Winchester placed a high value on education and was particularly interested in developing educational institutions that assisted agriculture and the use of other resources from the land in Washington State. The Morrill Act of 1862 had established a system for States to set up Land Grant Colleges with the assistance of federal funding. Essentially there was a federal grant of 90,000 acres of land for a College of Agriculture and Mechanic Arts and another grant of 100,000 acres of land for a scientific school. Before Washington was formally a state this program had attracted considerable attention and was certain to be taken up by the first State Legislature. In November 1888, Winchester was elected from Asotin and Garfield County to be a delegate to the State Constitutional Convention (WS Oliphant 697 votes, Joseph Ledgerwood 544 votes) that was held in July 1889. He then ran for the House of Representatives from Garfield County and won with 474 votes while his opponent, James Parker, had 449 votes.

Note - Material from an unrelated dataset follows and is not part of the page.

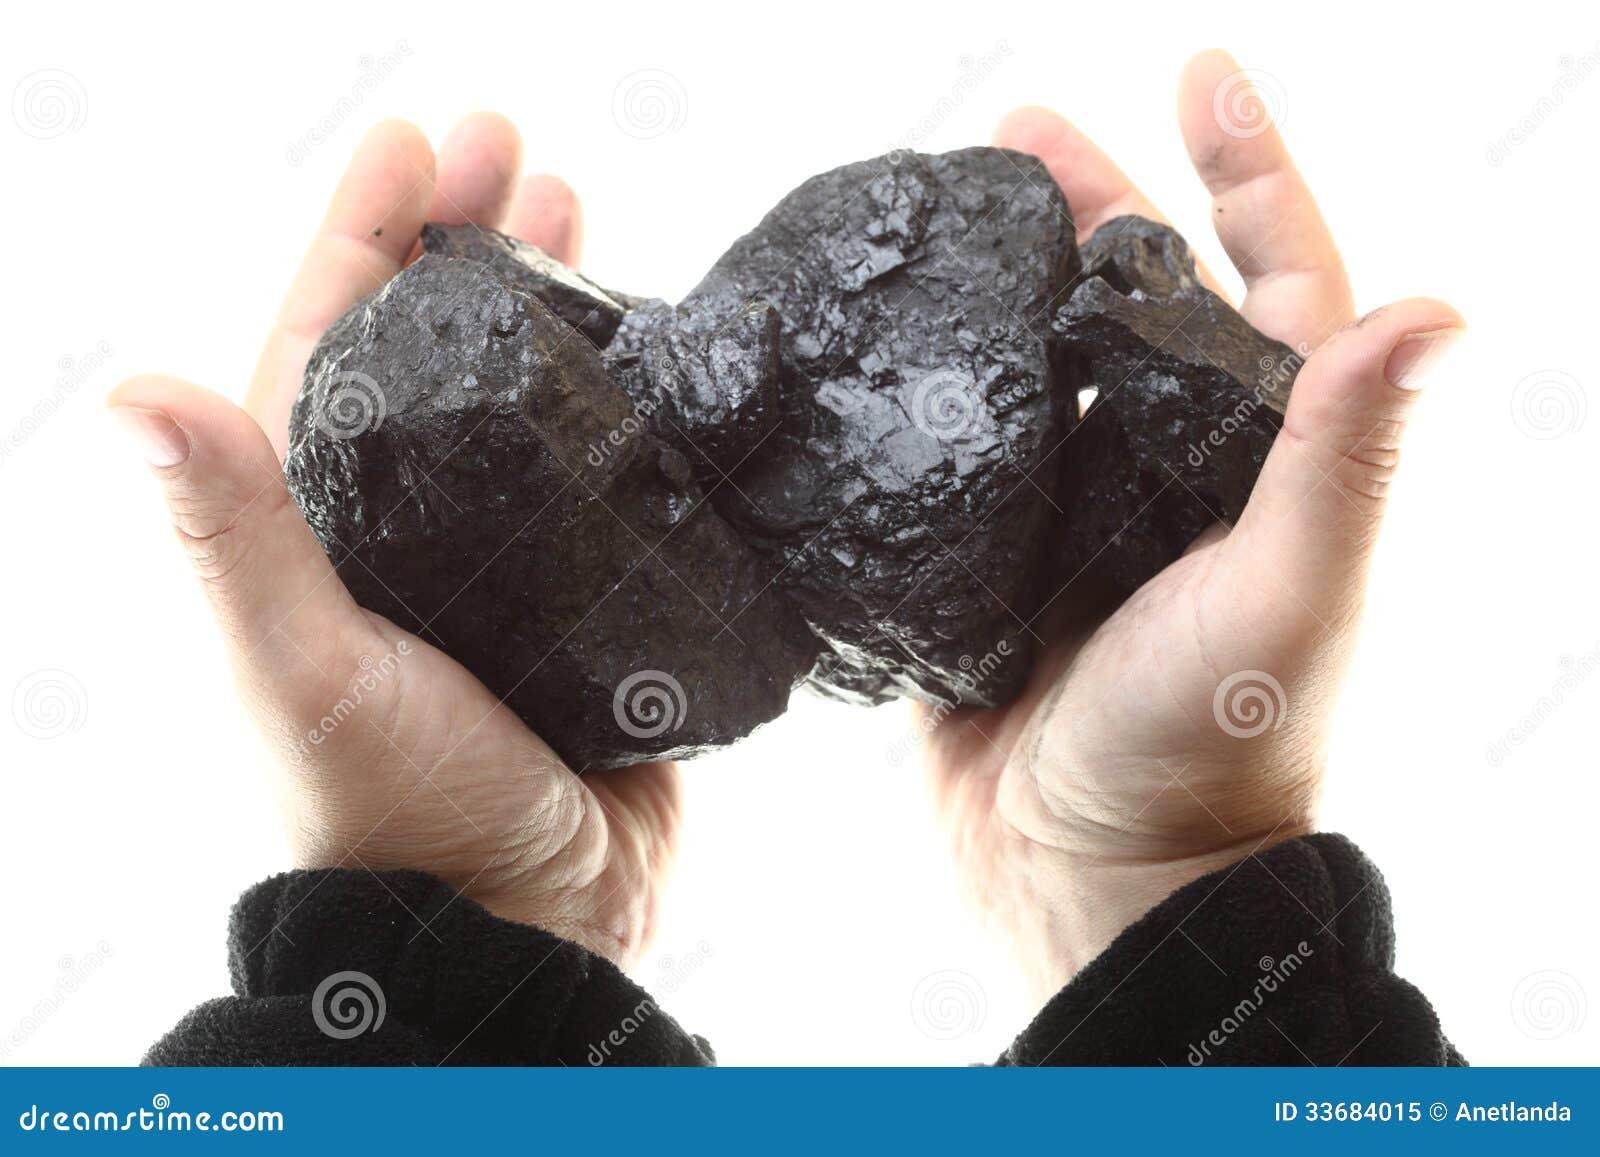 Stücke Kohle in der Hand lokalisiert auf weißem Hintergrund

Even before the election, he started working with a banker friend and a local bachelor friend, Mr. Robert Connel, to develop a bill to establish a land grant college in WA state. Connel was somewhat eccentric and a bit of a recluse who lived on 160 acres of undeveloped land in Garfield County, but he was highly educated in the most up-to-date scientific information of that time. He was born in Scotland, graduated from the University of Edinburgh and studied in Berlin, Paris, and Rome. He had traveled extensively across the globe. He came to Portland, OR in 1878 as a representative of the Scotch Mortgage Loan Company which did extensive loan business in the NW. He became dissatisfied with that position and moved to Garfield County in 1881. When he went into Pomeroy, he wore a “spotlessly clean white duck suit” and “spent much of his time reading Tolstoy and studying languages”.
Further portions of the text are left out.